### Extracted records
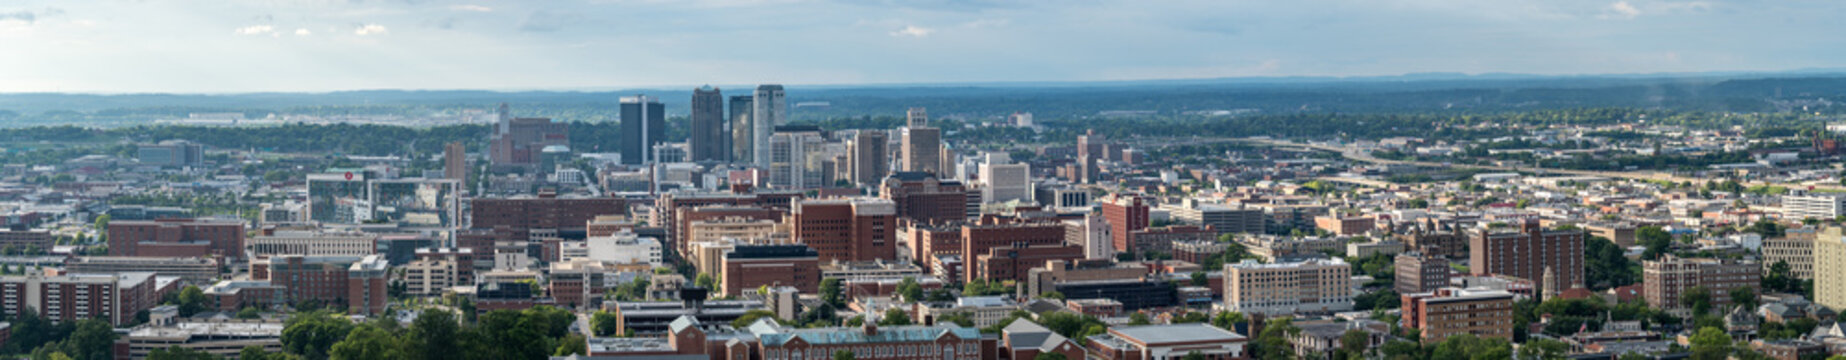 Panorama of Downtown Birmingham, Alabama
######
### Extracted records
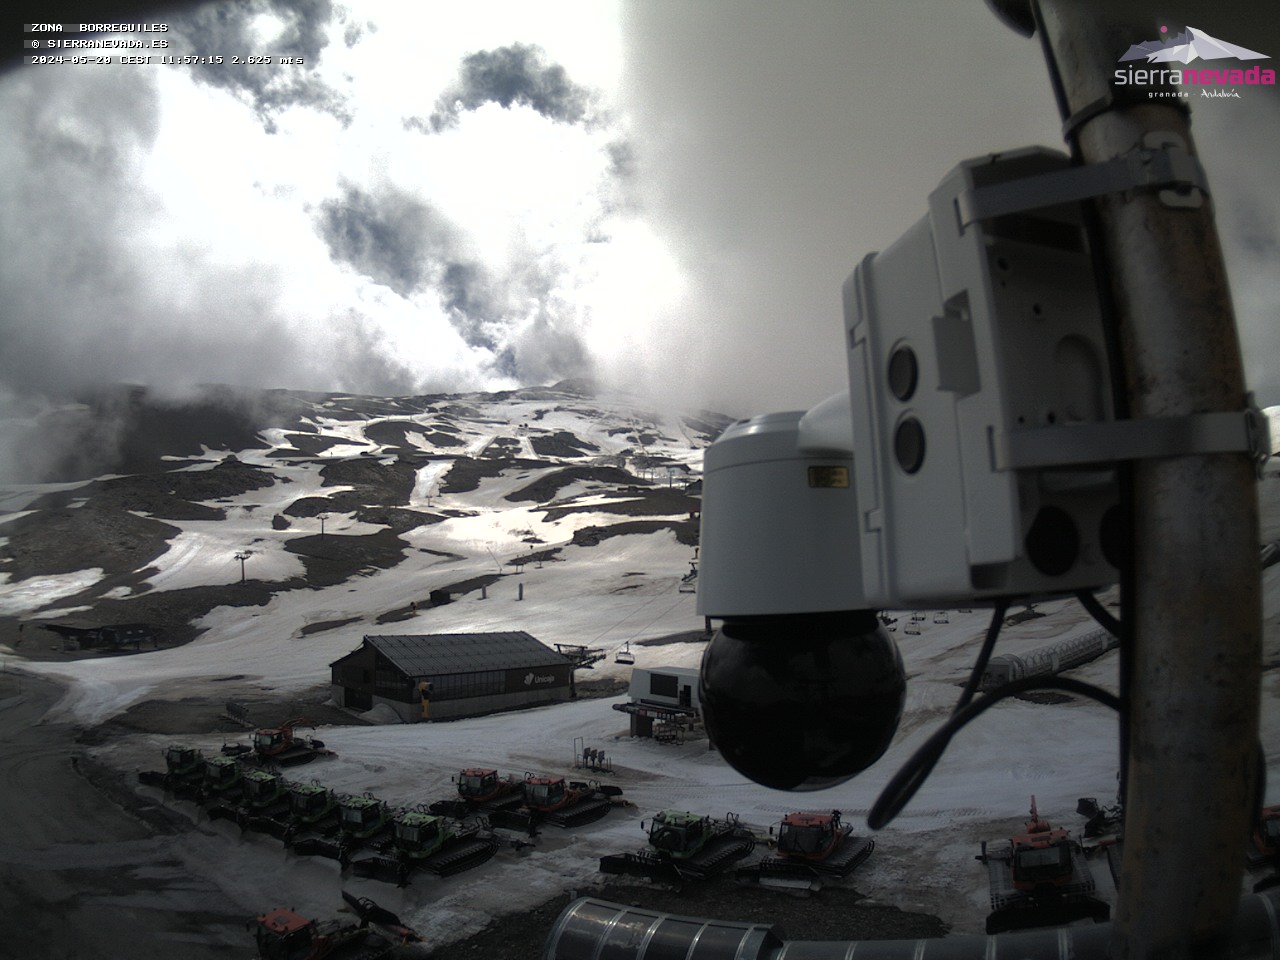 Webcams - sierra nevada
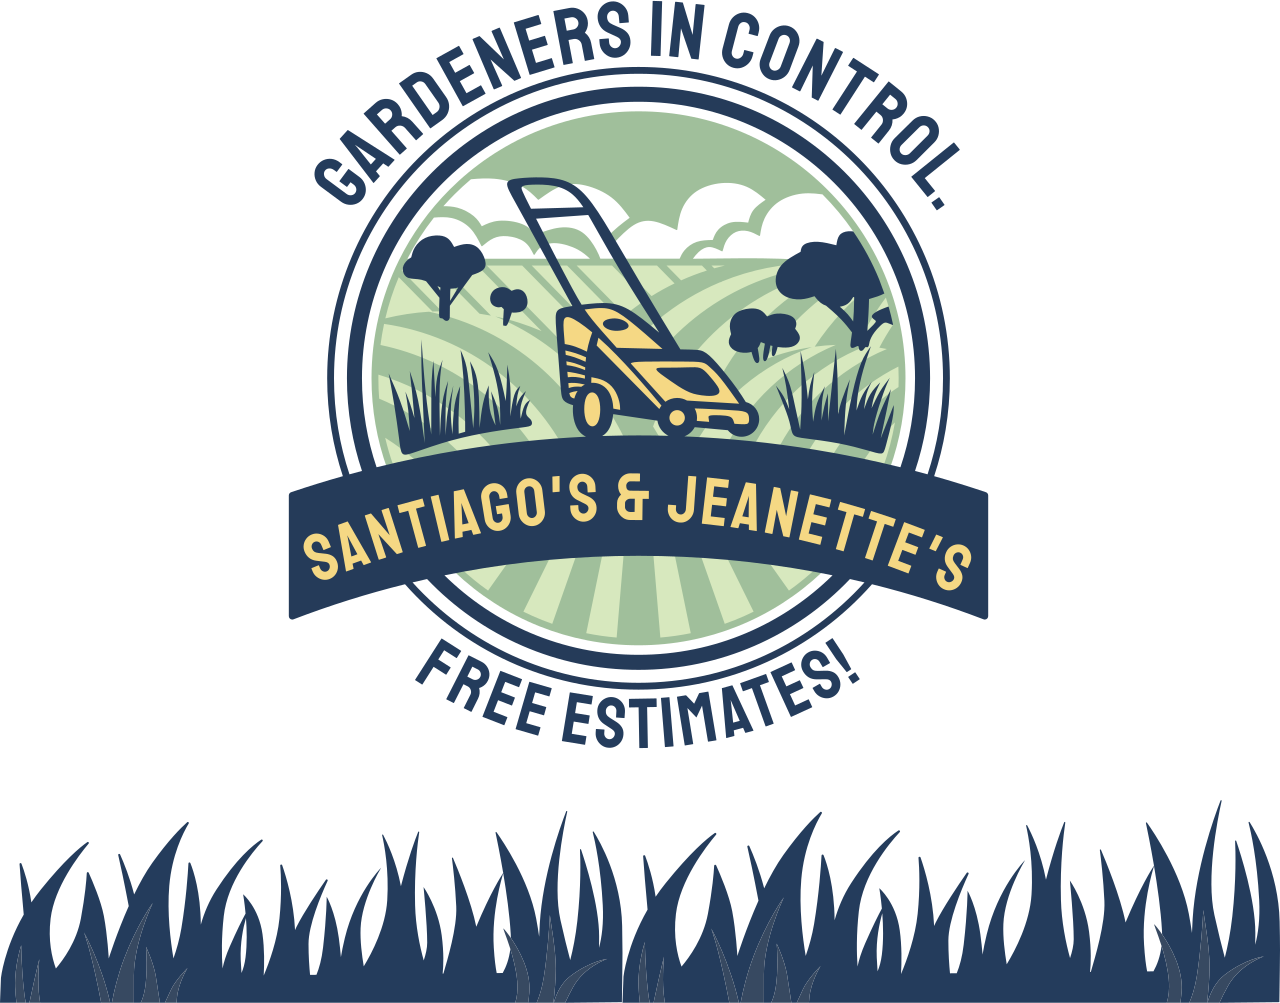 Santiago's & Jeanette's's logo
######
**Exercise brief**
Leaving each picture behind, please give again exactly the lines above from the one with "Webcams - sierra nevada" through the one with "Santiago's & Jeanette's's logo", both included, and no others.

**Solution to this exercise**
 Webcams - sierra nevada
 Santiago's & Jeanette's's logo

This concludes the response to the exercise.